On the other hand, tumors that do not contain immune cells are known as cold tumors. If a cancer patient has cold tumors, immunotherapy is not as effective. Therefore, researchers have been exploring ways of turning cold tumors into hot tumors for treating cancer with immunotherapy since it is generally the safest therapy among all others.

The new study, whose findings appear in the Journal of Proceedings of the National Academy of Sciences of the United States of America, shows that there might be a way to turn cold tumors into hot tumors via the injection of flu vaccination directly to the tumor.

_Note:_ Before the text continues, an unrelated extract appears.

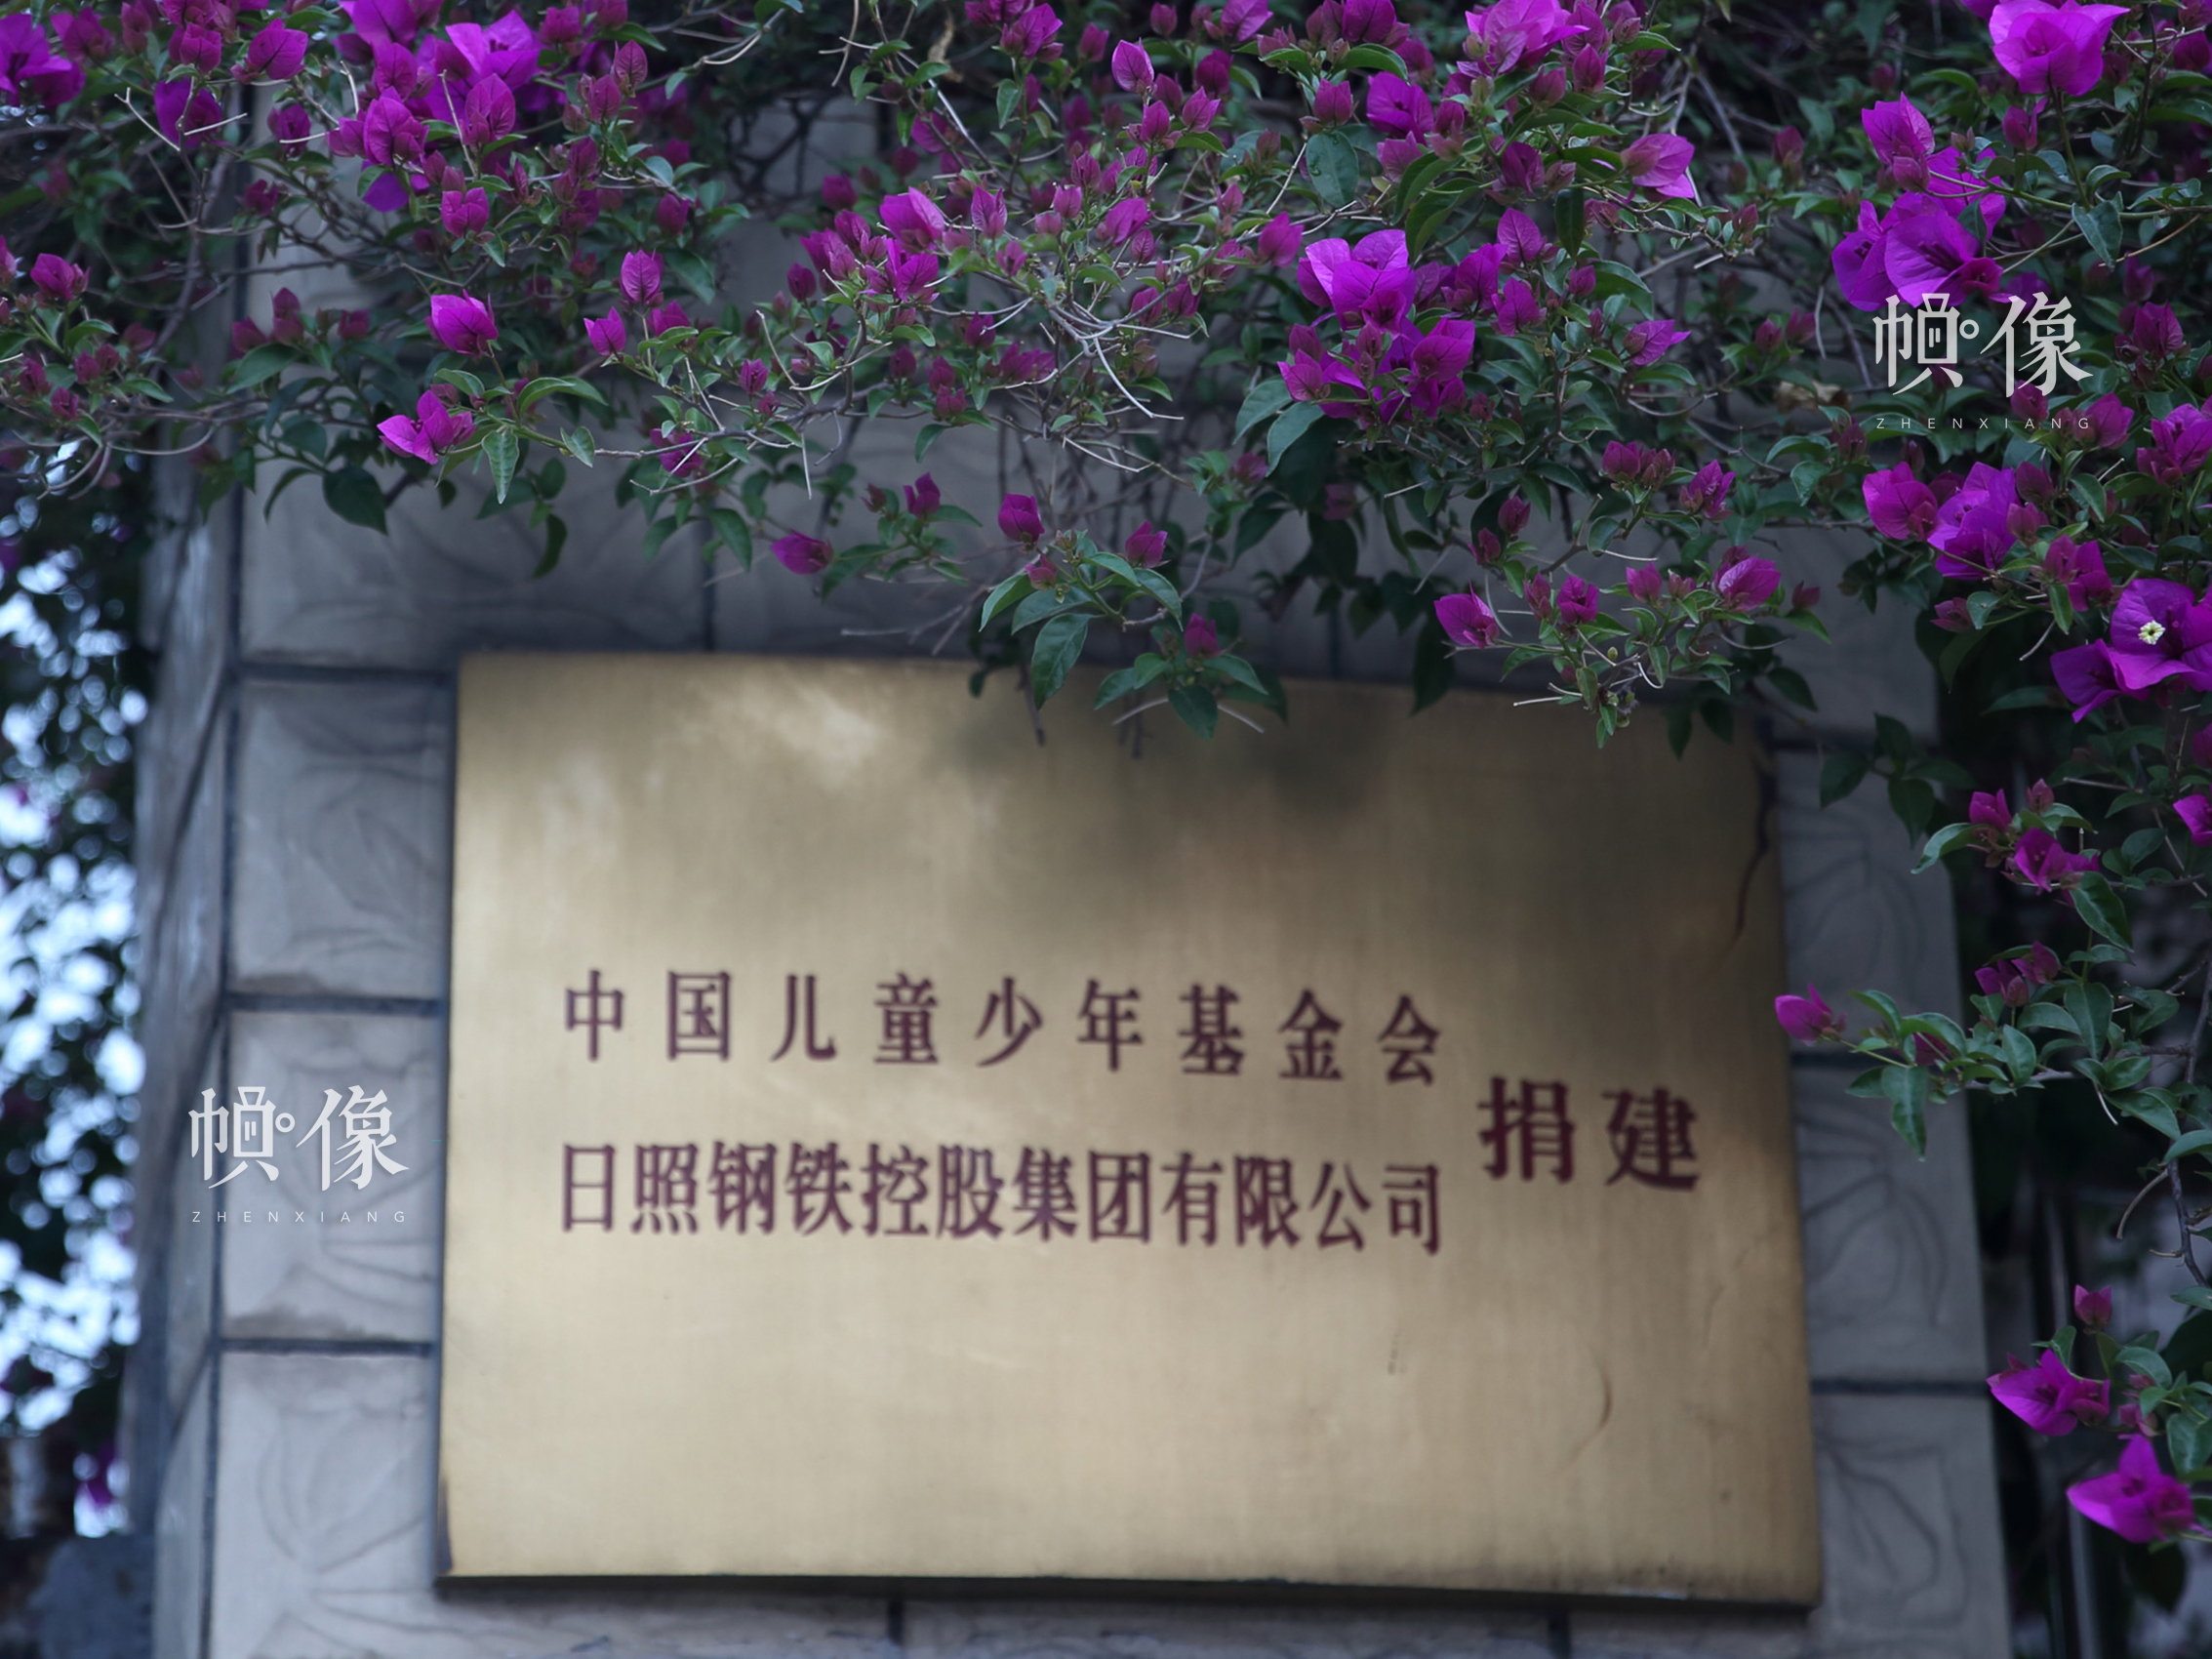 安康家園由中國兒童少年基金會和日照鋼鐵集團共同發起設立。安康家園的孩子，都是5.12汶川特大地震孤困兒童。712名孩子在北京、日照的安康家園生活了一年，有一部分後來又陸陸續續找到了父母，最終672名孩子于2009年8月回到成都雙流的安康家園。中國網記者 陳維松 攝

The researchers the idea of exploring flu vaccines for the treatment of cancer came from the data on lung cancer from the National Cancer Institute. The data showed that lung cancer patients who have had a flu vaccination lived longer in comparison with those who did not.

Consequently, the researchers implemented the same scenario in a lab mouse model and confirmed that flu vaccines did play a significant role. More precisely, it was seen that the injection of flu vaccines increases the concentration of dendritic cells, which, in turn, increased the CD8+ T cells after triggering an immune response.

Additionally, the researchers also noted that the injection of vaccines in tumors at one side of the body also slowed the growth rate of tumors present at any other part. The main types of tumors tested were triple-negative breast cancer and melanoma.

The use of common FDA-approved flu shots not only reduced the growth and size of the tumor but also made immunotherapy post the injection more effective. The researchers hope to see similar results in future clinical trials on humans as mice and humans are ninety-five percent similar.